The Tidal Basin was created as part of cleaning up the "flats", draining the swamps that were where the Mall is today, and keeping the Washington harbor clean. (Peter III could tell you about hunting ducks with a shotgun across the street from the family house in the 800 block of 16th Street.)

First a brief description of the layout of the area. Imagine two rivers joining in the form of a large "Y". The left side and stem of the "Y" are the Potomac River. The right fork on the "Y" is the Anacostia River. Now, right in the middle of the fork is a small dead end channel of water that is the Washington harbor. That channel was created when the dredged dirt from the Potomac was put down as the peninsula that became Hains Point and Potomac Park. That little dead-end channel had no natural circulation yet the drains from the swamp, and all the sewers and street drains from old 1880's Washington dumped their output into it. You can imagine the odor.

General Hains' solution was to build the reservoir that is called the Tidal Basin between the Potomac River and the top end of the Washington harbor. The Tidal Basin is an ingenious, passive design that uses the tides to solve the problems associated with the dead end Washington harbor.

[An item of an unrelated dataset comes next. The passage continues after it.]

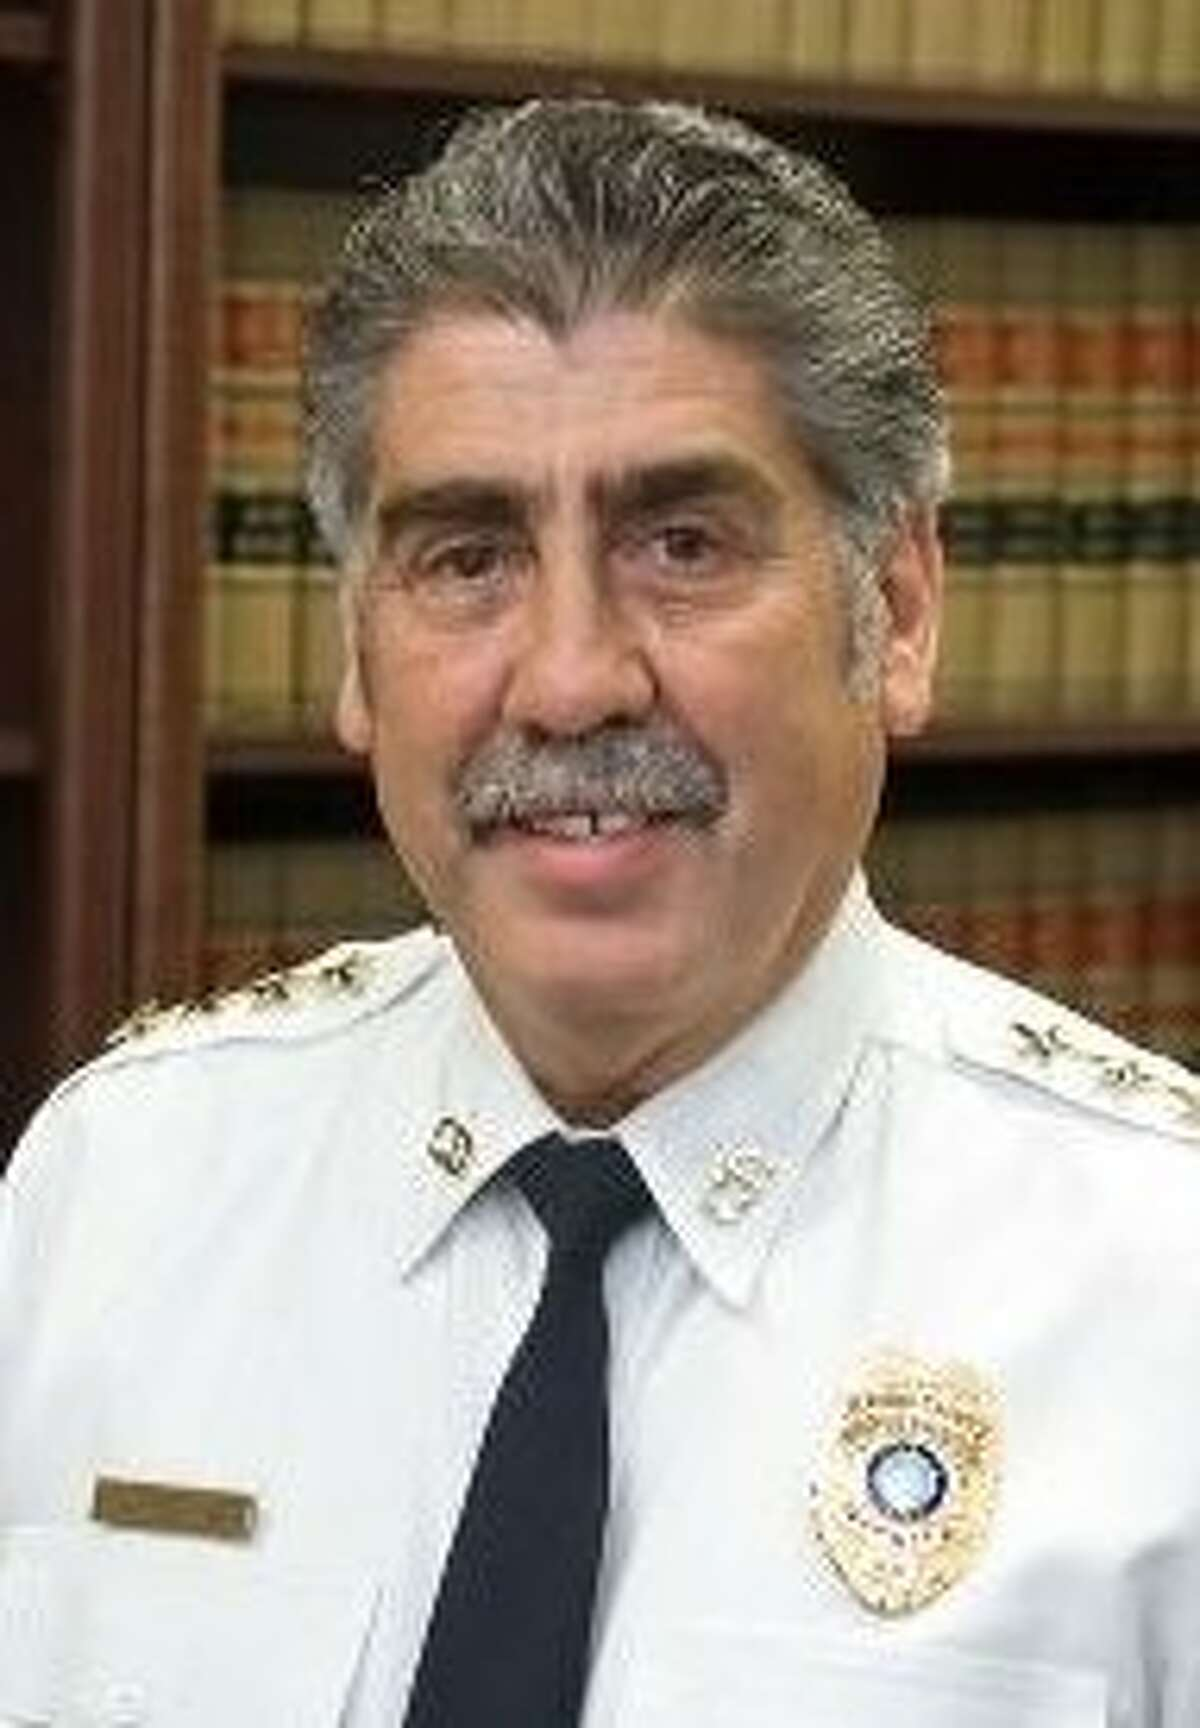 Harris County Precinct 6 Constable Victor Trevino

There are two sets of gates on the Tidal Basin - one between the Potomac and the Basin, and another between the Basin and the harbor. The gates are operated by the tides. When the tide comes up the river from the ocean it goes up the harbor channel and pushes those gates closed. At the same time, the surge going up the Potomac pushes the gates from the river to the Basin open and fills the Basin with water. When the tide turns and goes out, its retreat down the Potomac "sucks" the river gates closed, and its retreat down the harbor sucks those gates open and releases a surge of fresh water into the harbor channel that helps clean it out. The Tidal Basin is literally the water tank that "flushes" the Washington harbor with each outgoing tide.